_Task prompt_
Give back each line of the data exactly as it reads, minus the pictures.

_Information shown_
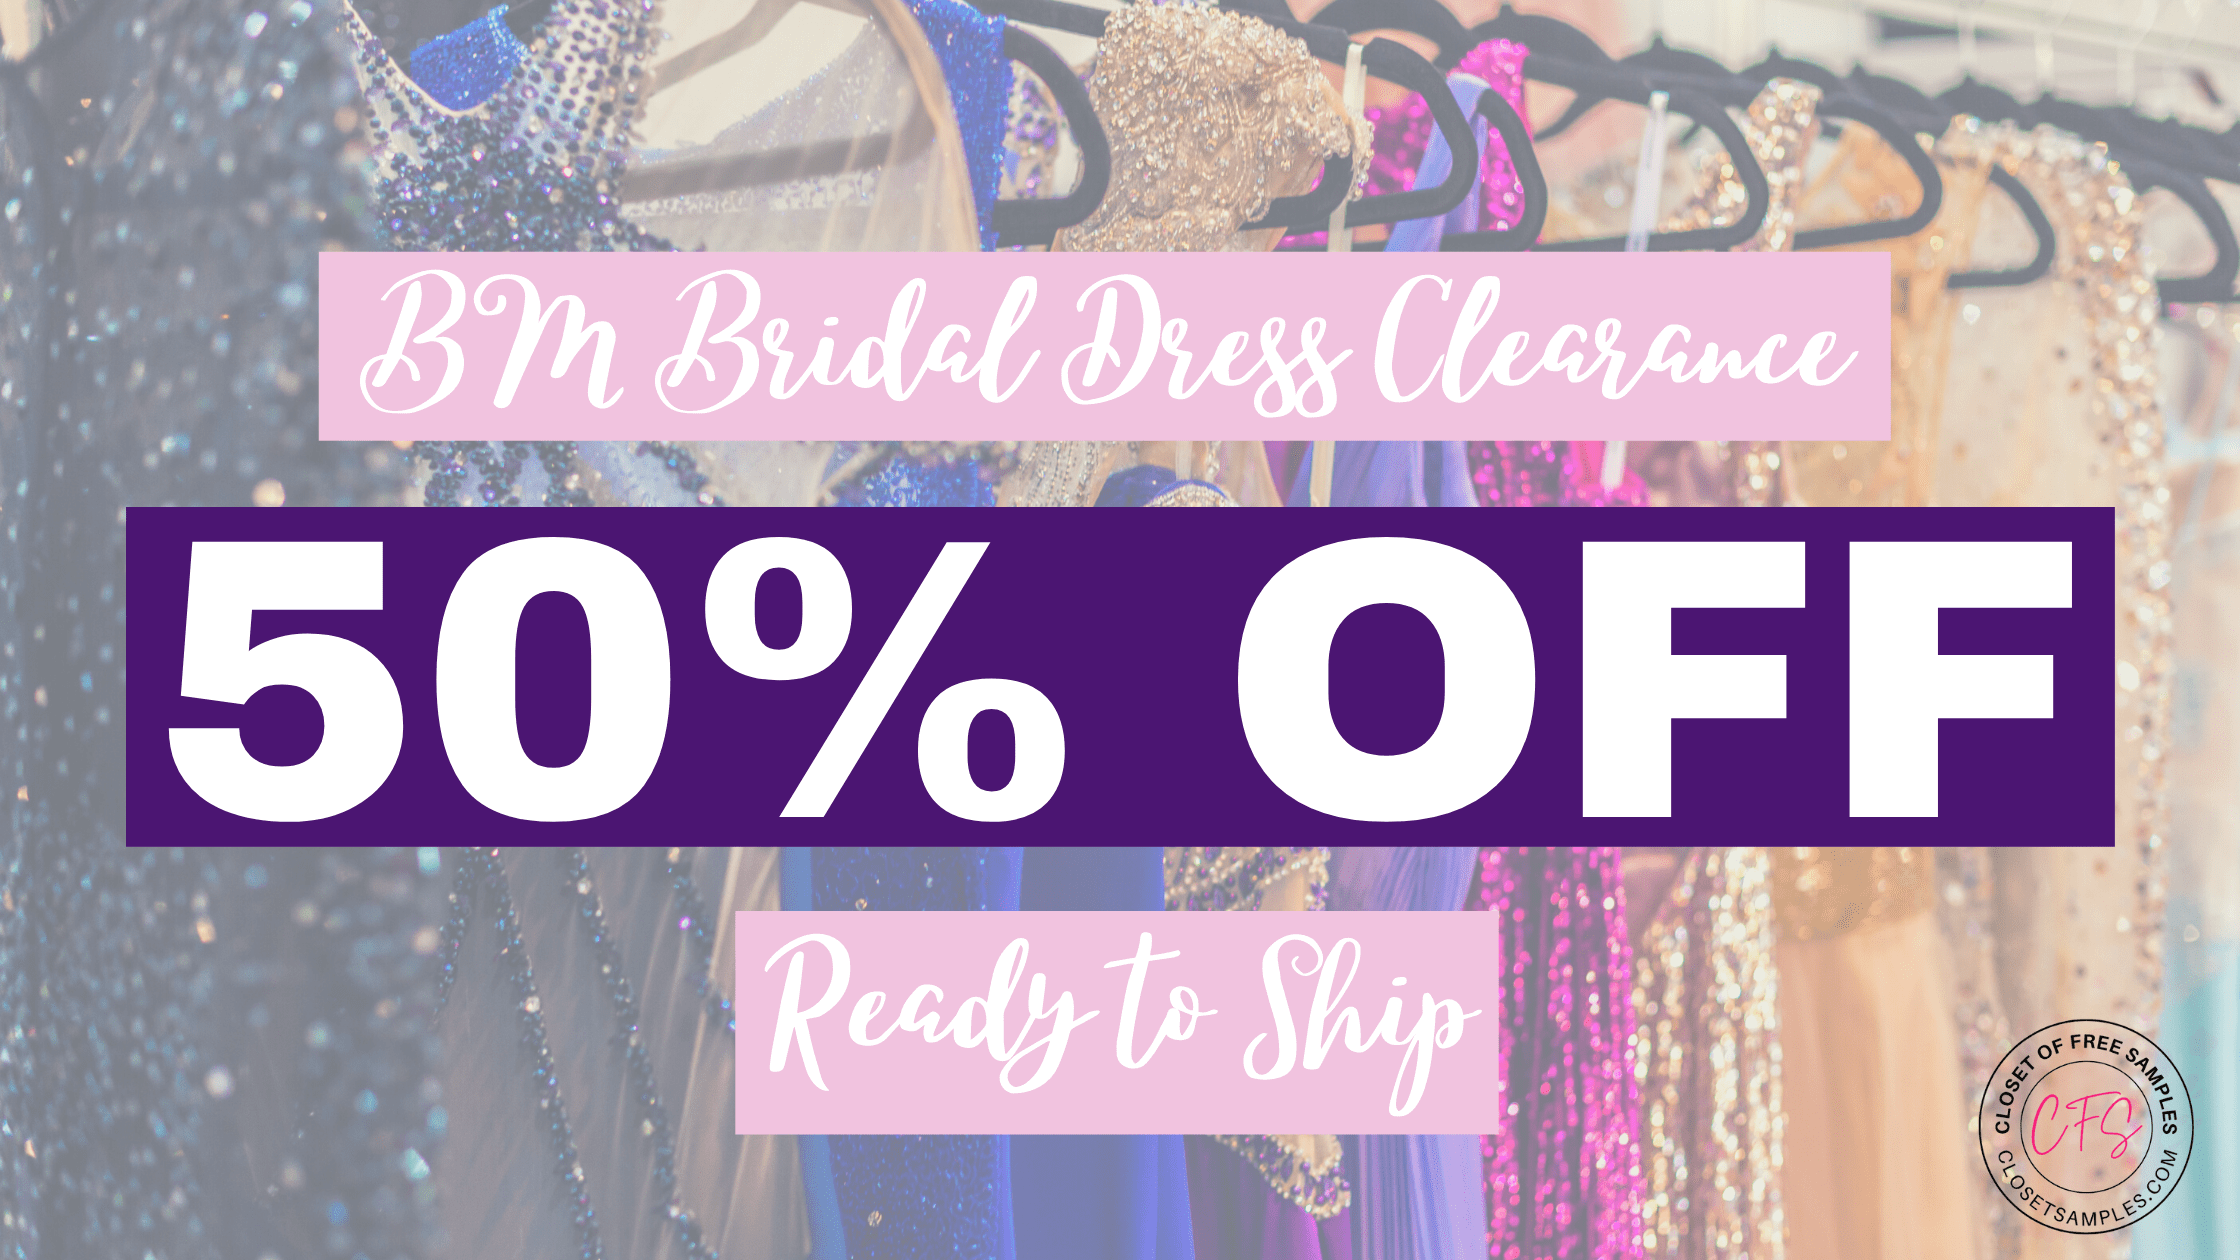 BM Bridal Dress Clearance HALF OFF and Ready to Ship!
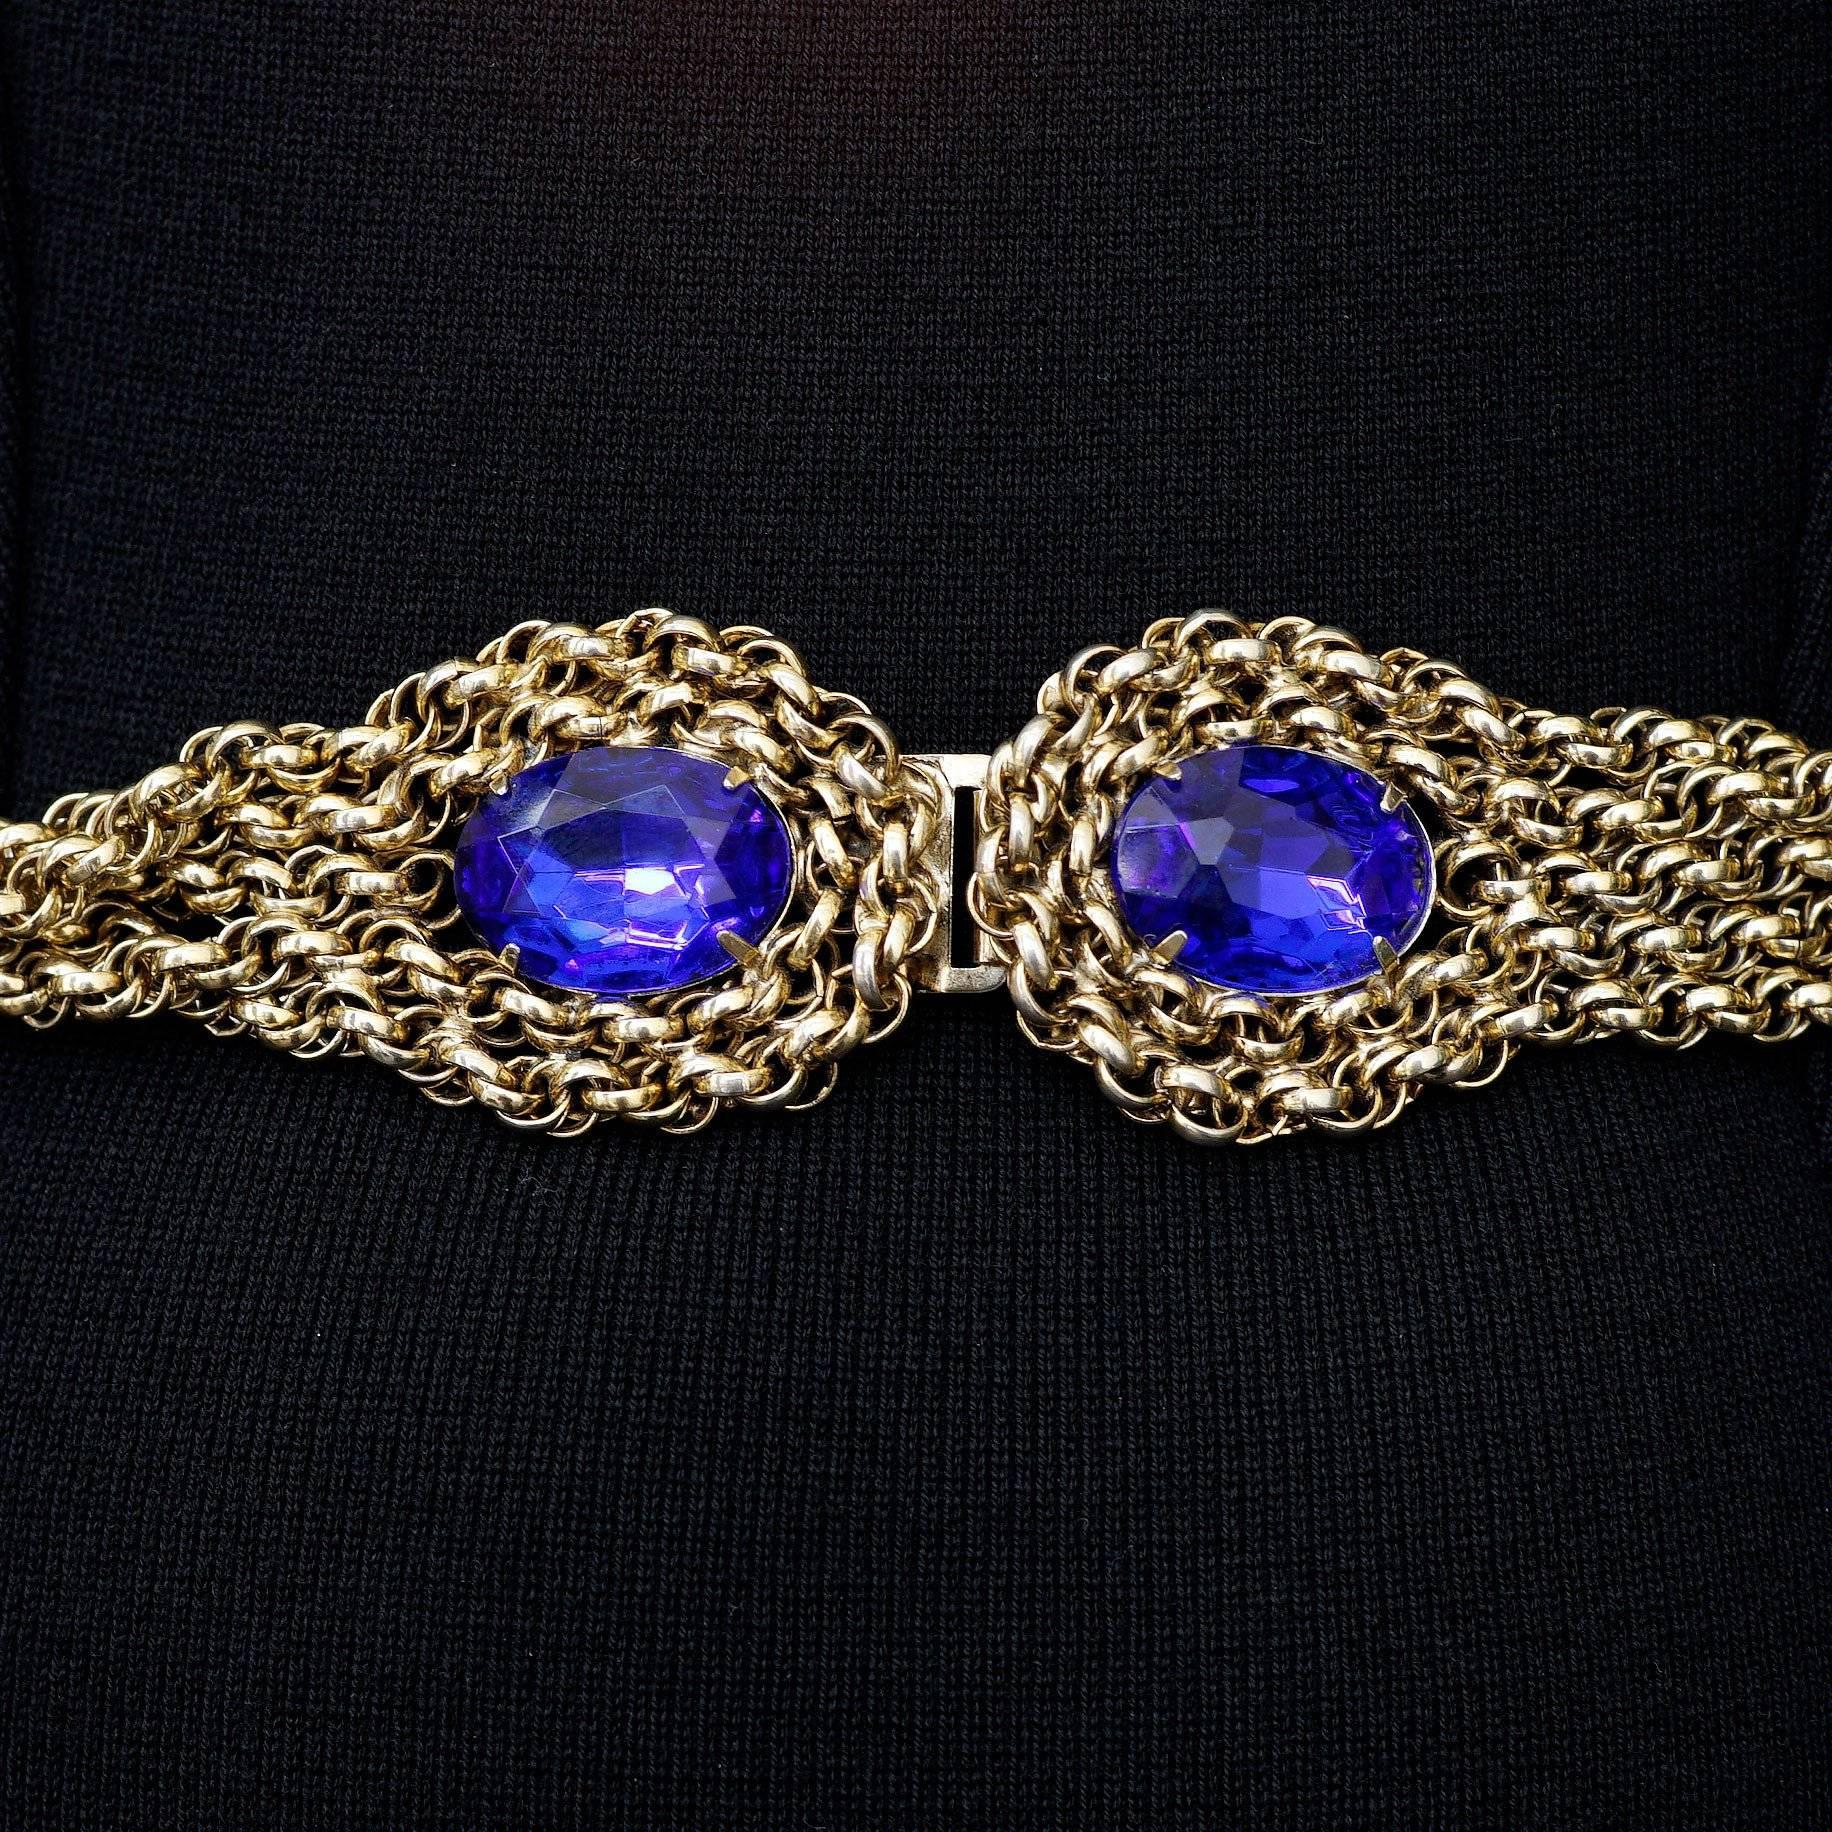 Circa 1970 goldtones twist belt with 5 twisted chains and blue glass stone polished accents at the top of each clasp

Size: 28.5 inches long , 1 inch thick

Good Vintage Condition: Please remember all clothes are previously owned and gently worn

_Task result_
 BM Bridal Dress Clearance HALF OFF and Ready to Ship!
 Circa 1970 goldtones twist belt with 5 twisted chains and blue glass stone polished accents at the top of each clasp

Size: 28.5 inches long , 1 inch thick

Good Vintage Condition: Please remember all clothes are previously owned and gently worn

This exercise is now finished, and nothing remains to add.